There are a number of ways to access Solr from PHP, and none of them seem to have taken hold of the market as the single best approach. So keep an eye on the wiki page at http://wiki.apache.org/solr/SolPHP for new developments.

Adding the URL parameter, wt=php, produces simple PHP output in a typical array data structure:

array(
  'responseHeader'=>array(
  'status'=>0,
  'QTime'=>0,
  'params'=>array(
    'wt'=>'php',
    'indent'=>'on',
    'rows'=>'1',
    'start'=>'0',
    'q'=>'Pete Moutso')),
  'response'=>array('numFound'=>523,'start'=>0,'docs'=>array(
array(
    'a_name'=>'Pete Moutso',
    'a_type'=>'1',
    'id'=>'Artist:371203',
    'type'=>'Artist'))
  ))

The same response using the Serialized PHP output specified by wt=phps URL parameter is a much less human-readable format that is more compact to transfer over the wire:

a:2:{s:14:"responseHeader";a:3:{s:6:"status";i:0;s:5:"QTime";i:1;s:6:"params";a:5:{s:2:"wt";s:4:"phps";s:6:"indent";s:2:"on";s:4:"rows";s:1:"1";s:5:"start";s:1:"0";s:1:"q";s:11:"Pete Moutso";}}s:8:"response";a:3:{s:8:"numFound";i:523;s:5:"start";i:0;s:4:"docs";a:1:{i:0;a:4:{s:6:"a_name";s:11:"Pete Moutso";s:6:"a_type";s:1:"1";s:2:"id";s:13:"Artist:371203";s:4:"type";s:6:"Artist";}}}}

Tip

Think twice before using the PHP writer types

Un-serializing potentially untrusted data can increase security vulnerability. Additionally, the future of these writer types is in some doubt as PHP client abstraction projects such as solr-php-client and Solarium both use JSON in preference to the PHP writer types.

solr-php-client

A richer option for PHP integration is the solr-php-client. It is available at http://code.google.com/p/solr-php-client/. Interestingly enough, this project leverages the JSON writer type to communicate with Solr instead of the PHP writer type, showing the prevalence of JSON for facilitating interapplication communication in a language-agnostic manner. The developers chose JSON over XML because they found that JSON parsed much quicker than XML in most PHP environments. Moreover, using the native PHP format requires using the eval() function, which has a performance penalty and opens the door for code injection attacks.

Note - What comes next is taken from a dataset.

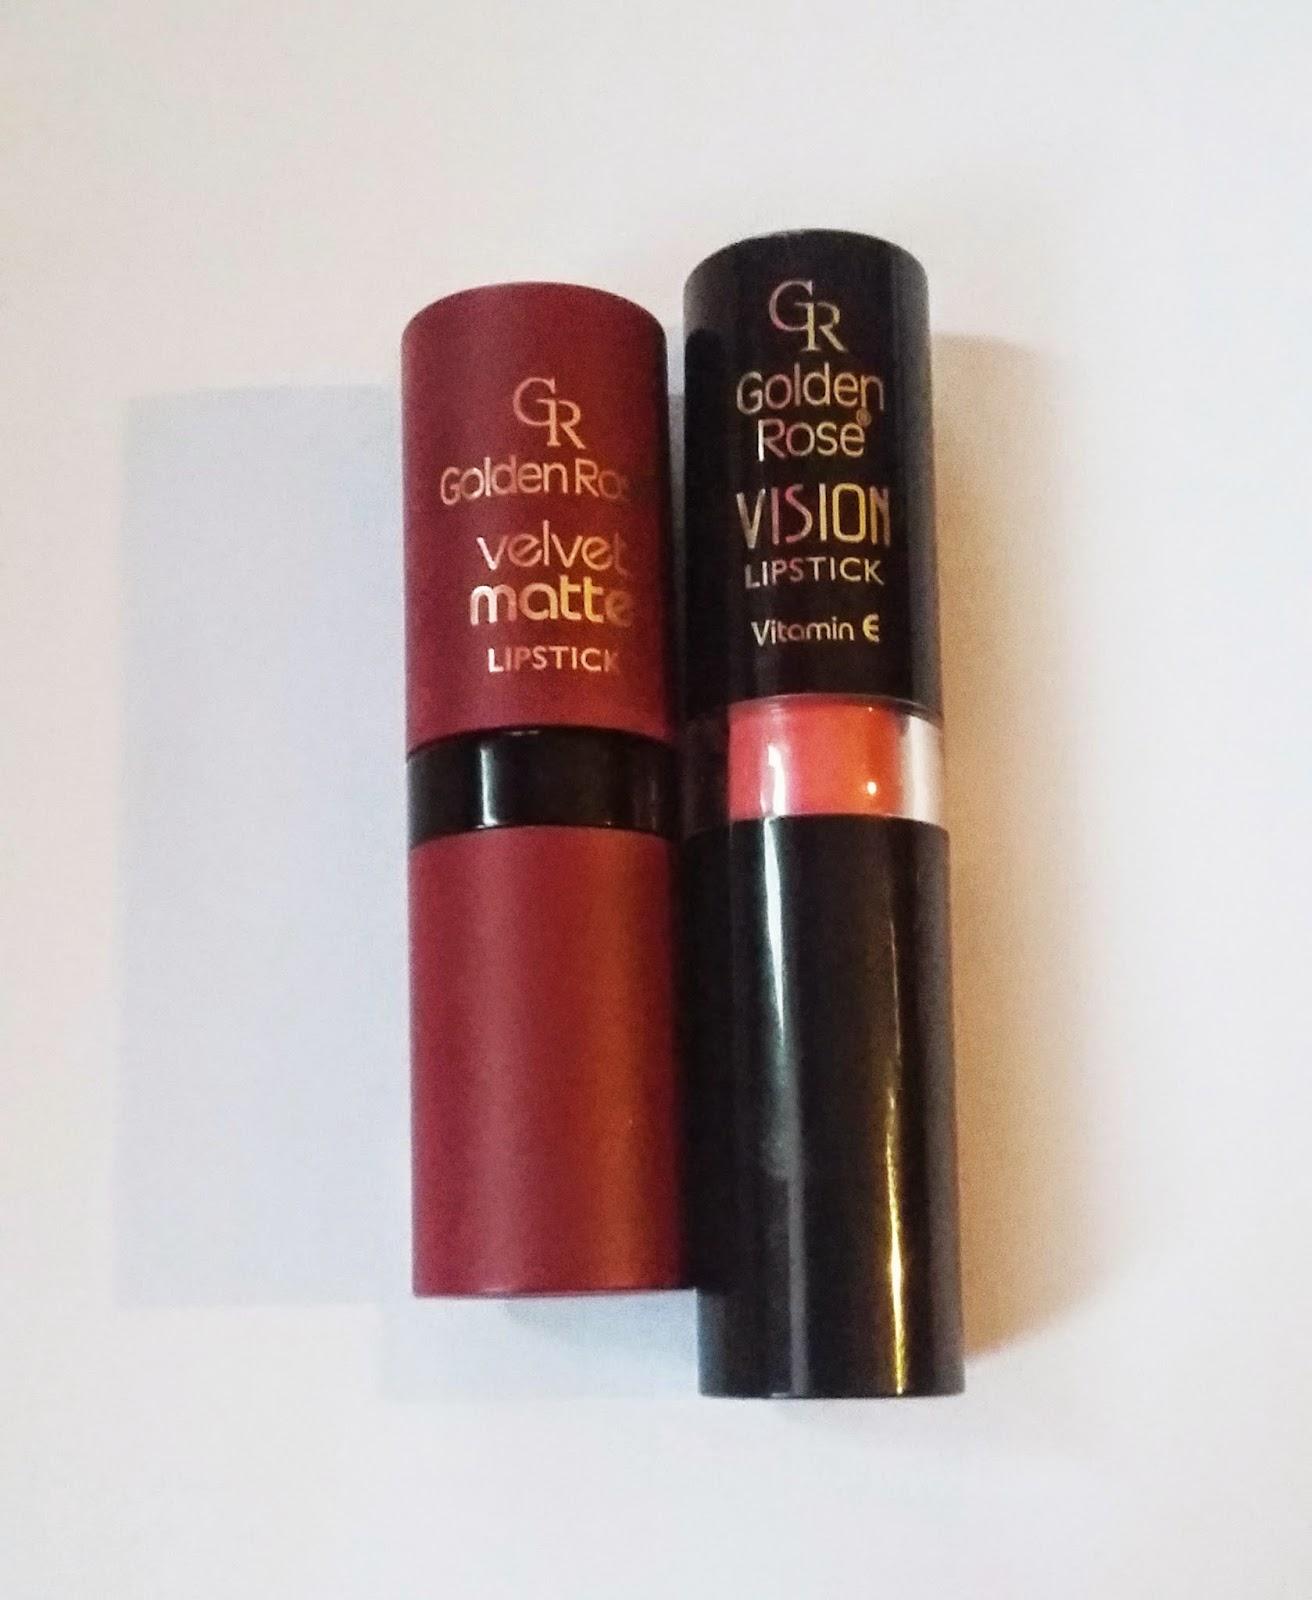 Szminki Golden Rose, przereklamowane? Velvet Matte, Vision Lipstick.

The solr-php-client can both create documents in Solr as well as perform queries for data. In /examples/9/solr-php-client/demo.php, there is a demo on how to create a new artist document in Solr for the singer Susan Boyle, and then performing some queries. Installing the demo in your specific local environment is left as an exercise for the reader. On a Macintosh, you should place the solr-php-client directory in /Library/WebServer/Documents/.

An array data structure of key value pairs that match your schema can be easily created and then used to create an array of Apache_Solr_Document objects to be sent to Solr. Notice that we are using the artist ID value -1. Solr doesn't care what the ID field contains, just that it needs to be present. Using -1 ensures that we can find Susan Boyle by ID later!

 $artists = array(
  'susan_boyle' => array(
   'id' => 'Artist:-1',
   'type' => 'Artist',
   'a_name' => 'Susan Boyle',
   'a_type' => 'person',
   'a_member_name' => array('Susan Boyle')
  )
 );

The value for a_member_name is an array, because a_member_name is a multivalued field.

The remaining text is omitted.